* [TASK BRIEF]: Only one span of the listing below is wanted: the lines from the one with "The sweet romances" through the one with "Bright sand game coloring page", reproduced exactly, both ends kept.

* [RECORDS TO PROCESS]:
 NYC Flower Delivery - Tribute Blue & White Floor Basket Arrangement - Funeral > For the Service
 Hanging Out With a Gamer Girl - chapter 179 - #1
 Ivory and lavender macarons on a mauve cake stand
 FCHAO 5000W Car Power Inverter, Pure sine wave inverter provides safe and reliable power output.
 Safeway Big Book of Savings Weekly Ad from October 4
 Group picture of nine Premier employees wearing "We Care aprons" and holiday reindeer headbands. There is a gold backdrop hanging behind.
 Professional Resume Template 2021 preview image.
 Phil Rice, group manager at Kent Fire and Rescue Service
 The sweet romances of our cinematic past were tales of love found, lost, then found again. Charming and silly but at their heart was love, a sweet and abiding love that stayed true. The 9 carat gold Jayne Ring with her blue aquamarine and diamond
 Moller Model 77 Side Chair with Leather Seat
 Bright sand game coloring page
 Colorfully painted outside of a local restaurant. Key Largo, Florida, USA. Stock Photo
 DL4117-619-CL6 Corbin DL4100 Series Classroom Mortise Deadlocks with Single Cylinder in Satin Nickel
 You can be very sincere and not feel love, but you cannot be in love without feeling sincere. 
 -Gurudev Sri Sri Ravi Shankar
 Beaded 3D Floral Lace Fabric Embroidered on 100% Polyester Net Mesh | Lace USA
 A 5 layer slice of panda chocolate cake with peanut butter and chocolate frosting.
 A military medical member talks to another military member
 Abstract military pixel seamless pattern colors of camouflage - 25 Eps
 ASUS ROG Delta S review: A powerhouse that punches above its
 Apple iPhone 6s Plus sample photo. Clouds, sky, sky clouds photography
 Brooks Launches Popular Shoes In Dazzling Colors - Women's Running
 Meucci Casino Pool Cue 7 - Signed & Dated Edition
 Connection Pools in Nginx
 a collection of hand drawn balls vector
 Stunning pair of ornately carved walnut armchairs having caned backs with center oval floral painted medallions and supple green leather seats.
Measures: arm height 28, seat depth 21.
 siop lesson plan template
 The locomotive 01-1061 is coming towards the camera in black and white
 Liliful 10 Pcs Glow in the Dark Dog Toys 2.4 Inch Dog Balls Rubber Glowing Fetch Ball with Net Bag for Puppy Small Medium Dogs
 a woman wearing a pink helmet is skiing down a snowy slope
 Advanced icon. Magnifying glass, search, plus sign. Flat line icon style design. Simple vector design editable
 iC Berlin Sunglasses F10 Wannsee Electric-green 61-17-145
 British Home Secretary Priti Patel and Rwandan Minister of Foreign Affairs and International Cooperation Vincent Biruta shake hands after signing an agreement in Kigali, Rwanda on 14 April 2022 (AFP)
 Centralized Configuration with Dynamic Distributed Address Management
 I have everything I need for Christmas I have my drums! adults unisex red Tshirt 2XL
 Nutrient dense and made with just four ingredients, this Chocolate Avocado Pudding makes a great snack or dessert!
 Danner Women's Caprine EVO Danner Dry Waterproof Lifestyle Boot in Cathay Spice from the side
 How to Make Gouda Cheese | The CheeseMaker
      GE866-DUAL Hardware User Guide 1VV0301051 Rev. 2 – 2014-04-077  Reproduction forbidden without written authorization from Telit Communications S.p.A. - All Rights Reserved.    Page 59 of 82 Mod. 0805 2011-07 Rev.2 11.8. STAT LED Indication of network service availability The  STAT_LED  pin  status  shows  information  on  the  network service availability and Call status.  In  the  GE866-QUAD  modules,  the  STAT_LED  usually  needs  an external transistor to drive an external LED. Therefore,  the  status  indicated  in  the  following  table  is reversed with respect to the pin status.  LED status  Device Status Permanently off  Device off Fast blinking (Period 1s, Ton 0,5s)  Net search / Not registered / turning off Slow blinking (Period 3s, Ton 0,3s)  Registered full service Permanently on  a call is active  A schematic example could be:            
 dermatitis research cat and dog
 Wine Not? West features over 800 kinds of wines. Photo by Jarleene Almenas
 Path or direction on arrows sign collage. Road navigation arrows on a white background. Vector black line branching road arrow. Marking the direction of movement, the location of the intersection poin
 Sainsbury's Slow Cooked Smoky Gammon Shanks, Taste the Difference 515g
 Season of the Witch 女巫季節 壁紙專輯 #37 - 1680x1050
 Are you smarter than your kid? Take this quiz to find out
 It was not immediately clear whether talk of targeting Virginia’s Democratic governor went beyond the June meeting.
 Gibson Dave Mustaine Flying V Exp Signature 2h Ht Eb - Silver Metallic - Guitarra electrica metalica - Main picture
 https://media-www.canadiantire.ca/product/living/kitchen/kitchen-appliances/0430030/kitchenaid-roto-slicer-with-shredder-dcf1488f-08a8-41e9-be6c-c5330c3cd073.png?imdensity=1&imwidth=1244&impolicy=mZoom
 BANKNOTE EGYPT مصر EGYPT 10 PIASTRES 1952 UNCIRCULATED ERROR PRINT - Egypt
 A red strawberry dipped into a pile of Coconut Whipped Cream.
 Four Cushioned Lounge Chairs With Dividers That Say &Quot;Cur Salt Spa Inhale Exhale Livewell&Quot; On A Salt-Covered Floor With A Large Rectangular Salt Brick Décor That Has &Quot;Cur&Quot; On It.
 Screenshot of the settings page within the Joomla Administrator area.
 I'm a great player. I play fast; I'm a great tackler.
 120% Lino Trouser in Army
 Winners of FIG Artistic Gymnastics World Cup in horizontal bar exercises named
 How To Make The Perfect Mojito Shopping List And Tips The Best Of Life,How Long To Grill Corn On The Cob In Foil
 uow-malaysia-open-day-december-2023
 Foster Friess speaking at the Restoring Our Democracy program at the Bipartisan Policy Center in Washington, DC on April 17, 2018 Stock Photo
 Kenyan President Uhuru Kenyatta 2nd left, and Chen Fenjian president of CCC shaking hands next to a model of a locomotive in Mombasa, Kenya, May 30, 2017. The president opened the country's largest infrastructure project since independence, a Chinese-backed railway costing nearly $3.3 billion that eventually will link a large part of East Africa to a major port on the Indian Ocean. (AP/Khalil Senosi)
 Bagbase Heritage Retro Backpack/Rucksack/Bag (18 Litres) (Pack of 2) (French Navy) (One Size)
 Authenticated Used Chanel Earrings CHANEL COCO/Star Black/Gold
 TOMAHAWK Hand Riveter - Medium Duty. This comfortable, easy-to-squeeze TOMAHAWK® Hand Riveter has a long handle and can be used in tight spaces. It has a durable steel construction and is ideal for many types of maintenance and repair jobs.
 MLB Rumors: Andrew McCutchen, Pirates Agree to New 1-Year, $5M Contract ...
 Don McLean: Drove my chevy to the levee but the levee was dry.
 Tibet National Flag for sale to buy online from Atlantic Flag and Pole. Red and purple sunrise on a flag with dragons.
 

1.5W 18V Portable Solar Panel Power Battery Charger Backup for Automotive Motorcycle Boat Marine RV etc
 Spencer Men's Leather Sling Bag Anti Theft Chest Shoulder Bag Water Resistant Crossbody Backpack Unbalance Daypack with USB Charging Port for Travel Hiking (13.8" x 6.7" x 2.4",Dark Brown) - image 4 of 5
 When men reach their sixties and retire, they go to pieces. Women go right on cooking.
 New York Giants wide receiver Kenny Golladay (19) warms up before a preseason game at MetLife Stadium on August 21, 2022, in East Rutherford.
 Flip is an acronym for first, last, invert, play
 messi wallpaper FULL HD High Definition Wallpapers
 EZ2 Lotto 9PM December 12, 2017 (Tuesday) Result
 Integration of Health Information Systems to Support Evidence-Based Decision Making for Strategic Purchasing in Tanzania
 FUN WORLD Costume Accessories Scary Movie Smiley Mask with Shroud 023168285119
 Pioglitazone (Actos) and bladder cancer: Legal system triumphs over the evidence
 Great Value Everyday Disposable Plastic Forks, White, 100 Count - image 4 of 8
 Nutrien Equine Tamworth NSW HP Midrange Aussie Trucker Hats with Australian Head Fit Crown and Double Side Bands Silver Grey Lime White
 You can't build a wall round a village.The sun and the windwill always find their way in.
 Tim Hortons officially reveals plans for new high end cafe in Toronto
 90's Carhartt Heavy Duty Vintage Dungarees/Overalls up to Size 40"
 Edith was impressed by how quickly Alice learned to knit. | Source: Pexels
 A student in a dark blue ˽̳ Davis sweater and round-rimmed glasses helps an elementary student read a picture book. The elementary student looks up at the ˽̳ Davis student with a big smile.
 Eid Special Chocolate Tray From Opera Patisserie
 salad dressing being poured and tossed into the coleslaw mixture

* [TASK RESPONSE]:
 The sweet romances of our cinematic past were tales of love found, lost, then found again. Charming and silly but at their heart was love, a sweet and abiding love that stayed true. The 9 carat gold Jayne Ring with her blue aquamarine and diamond
 Moller Model 77 Side Chair with Leather Seat
 Bright sand game coloring page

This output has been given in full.